The Lockheed Martin F-35 Lightning II is an American family of single-seat, single-engine, all-weather stealth multirole combat aircraft that is intended to perform both air superiority and strike missions. It is also able to provide electronic warfare and intelligence, surveillance, and reconnaissance capabilities. The aircraft has three main variants: the conventional takeoff and landing F-35A (CTOL), the short take-off and vertical-landing F-35B (STOVL), and the carrier-based F-35C (CV/CATOBAR).
It is operated by multiple militaries around the world, including all NATO members plus South Korea, Singapore, Japan, Israel, Australia and UAE.
The F-35’s advanced sensor package gathers and distributes more information than any fighter in history, giving operators a decisive advantage over all adversaries. Its tremendous processing power, open architecture, sophisticated sensors, information fusion and flexible communication links make the F-35 an indispensable tool in future homeland defense, joint and coalition irregular warfare, and major combat operations.
The F-35’s aligned edges, reduced engine signature, internal carriage of weapons and fuel and embedded sensors all contribute to its unique stealth performance. Its power source, the Pratt & Whitney F135 is the most powerful fighter engine in the world. With a top speed of Mach 1.6, the F-35 is a long range, supersonic fighter, even with a full complement of internal weapons and fuel. The F-35 has the ability to carry weapons internally in stealth configuration, or externally in permissive environments with greater than 18,000 pounds of total ordnance. It is also equipped with advanced electronic warfare capabilities allowing it to locate/track enemy forces, jam radars and disrupt attacks.
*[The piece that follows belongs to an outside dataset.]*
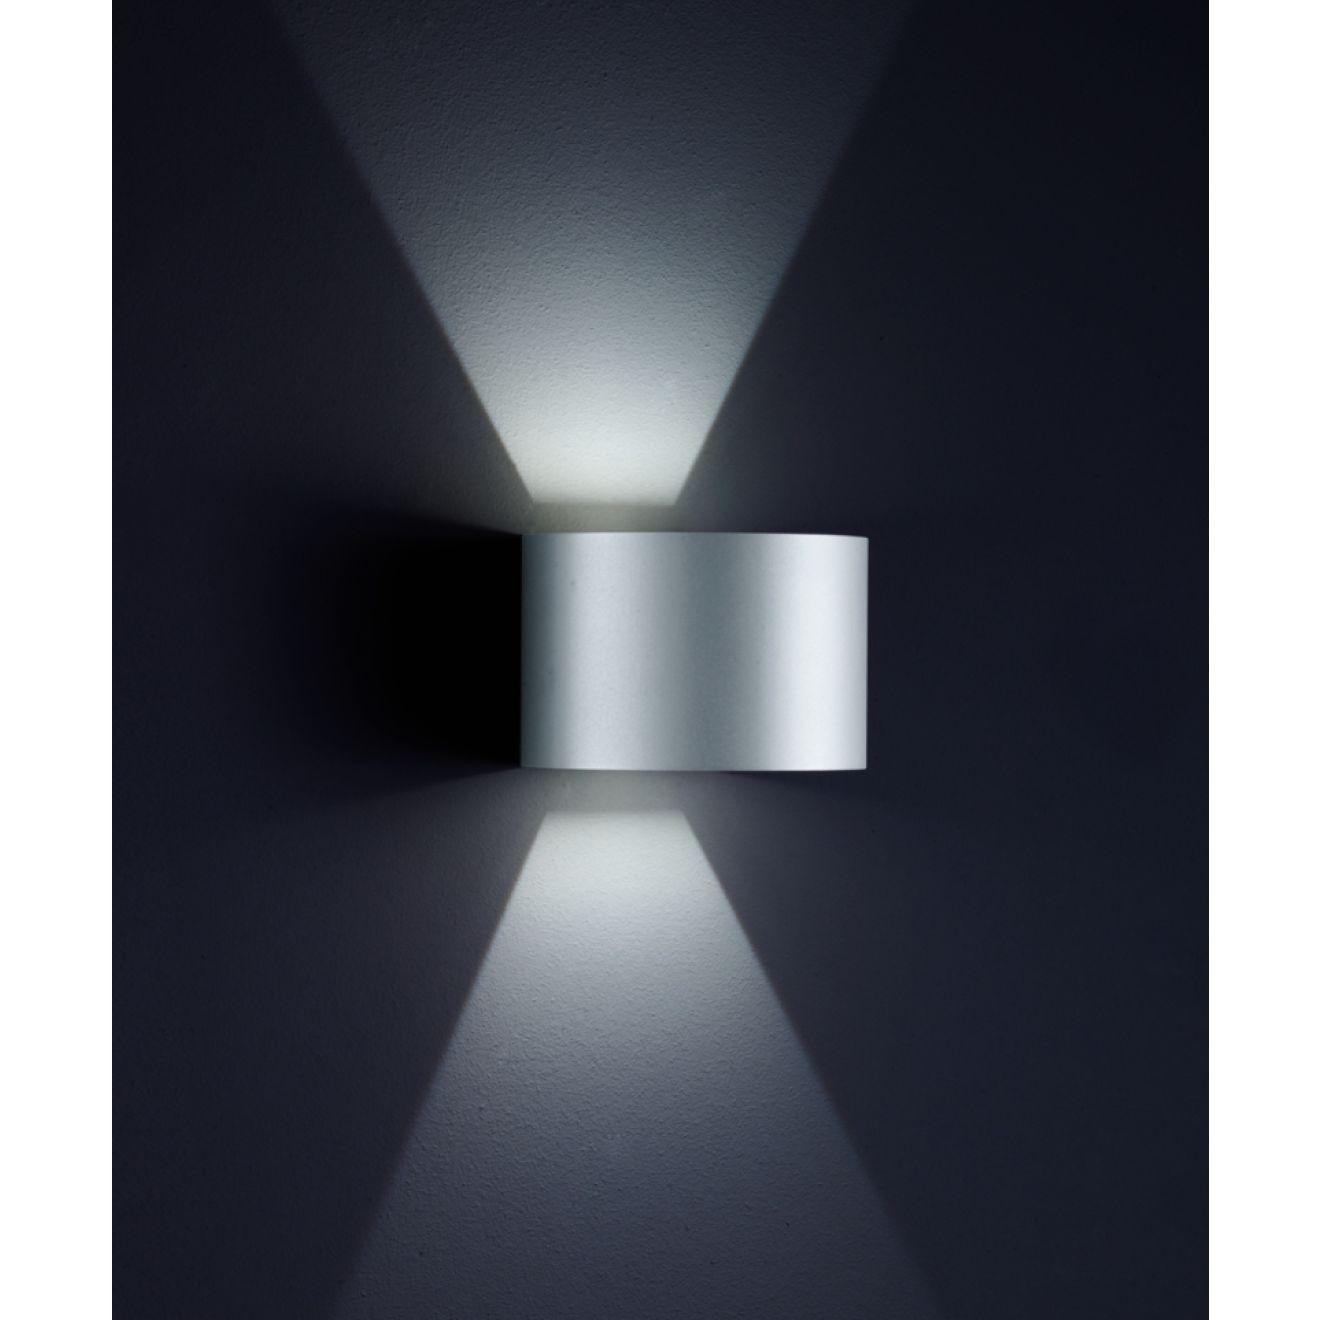 helestra siri44 aussen wandleuchte. Black Bedroom Furniture Sets. Home Design Ideas

The technological advancement extends even to the pilot’s helmet as the F-35 Helmet is one of the most advanced pieces of technology on the planet. The information a pilot needs to complete any mission – airspeed, heading, altitude, targeting information and warnings — is projected on the helmet’s visor, rather than on a traditional Heads-up Display. This approach greatly reduces the pilot’s workload and increases responsiveness.